This is Kubernetes resources.requests.memory territory (sort of — Kubernetes uses it to decide scheduling, not cgroup protection, but the mechanism exists).
memory.current — live usage
# Real-time memory usage
cat /sys/fs/cgroup/myservice/memory.current
# 834561024
# Detailed breakdown
cat /sys/fs/cgroup/myservice/memory.stat | head -15
# anon 524288000 <- anonymous memory (heap, stack)

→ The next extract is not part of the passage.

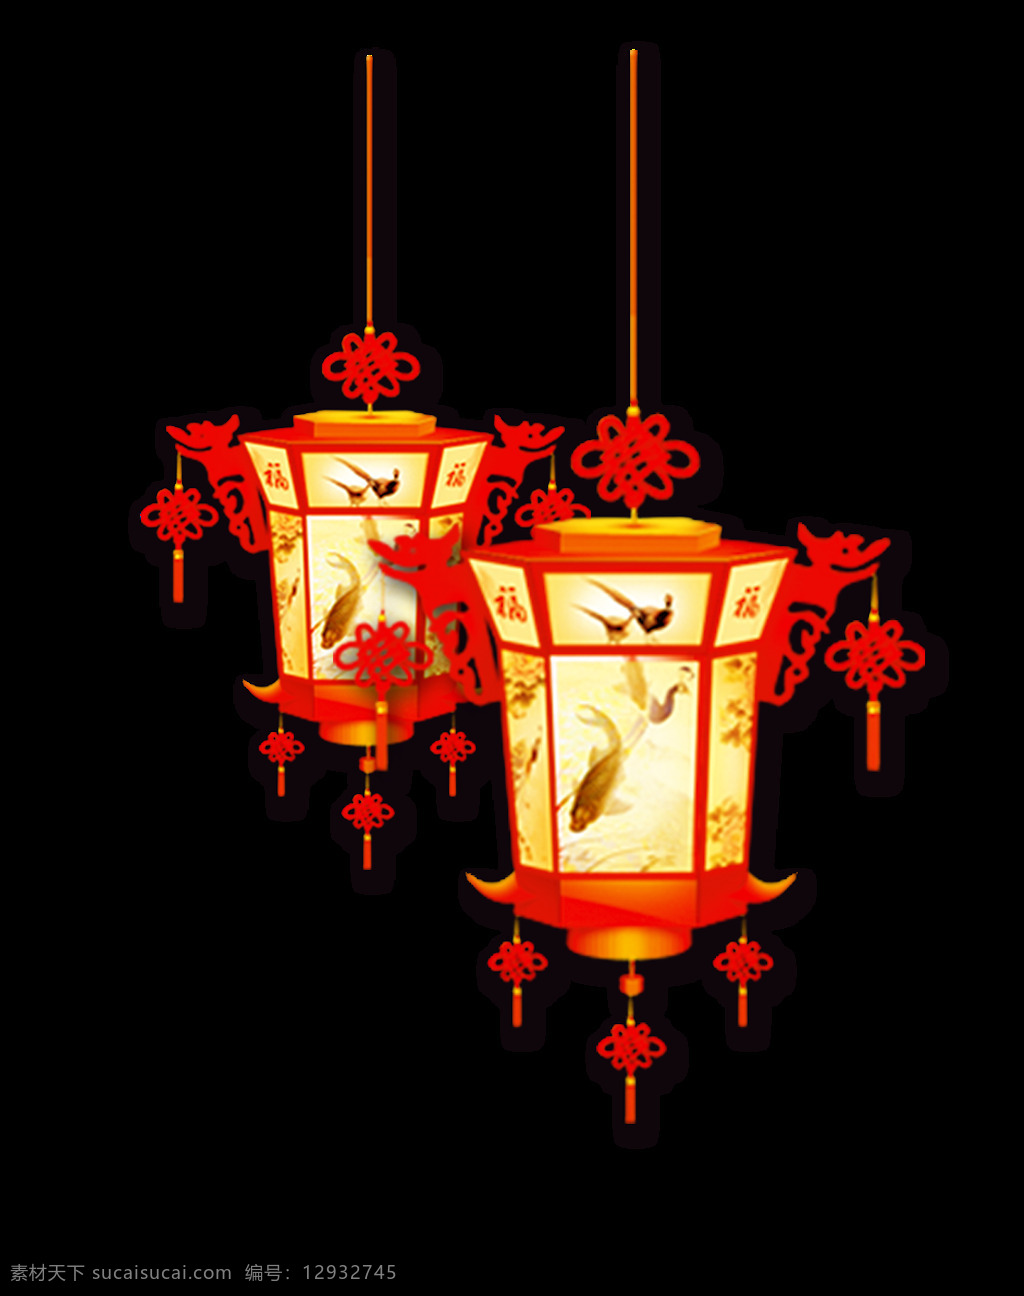 鲜艳 彩色 灯笼 节日 元素 黄色灯笼 节日元素 中国风元素 中国结

# file 209715200 <- file-backed (page cache)
# kernel_stack 1048576
# slab 2097152
# ...
memory.events — OOM history
cat /sys/fs/cgroup/myservice/memory.events
# low 0
# high 128 <- was throttled by memory.high this many times
# max 3 <- was killed by memory.max this many times
# oom 3
# oom_kill 5 <- total processes killed in this cgroup
A team could not understand why their Kubernetes pod kept OOMing despite the pod being well under its 4 GiB limit according to kubectl top pod. Looking at memory.events in the cgroup showed oom_kill 17 — the cgroup had been OOM-killing something. Looking at memory.stat showed anonymous memory was fine, but file was rising. The pod was mmapping gigabytes of files that were counted against the cgroup. kubectl top reported working-set memory, which excluded the file-backed portion — but the kernel was counting everything, and the cgroup limit applied to everything. The fix was to raise the limit; the lesson was: do not trust kubectl top's number as "what matters for OOM." Read memory.current and memory.stat when in doubt.
I/O Controller
Limit bandwidth and IOPS per block device.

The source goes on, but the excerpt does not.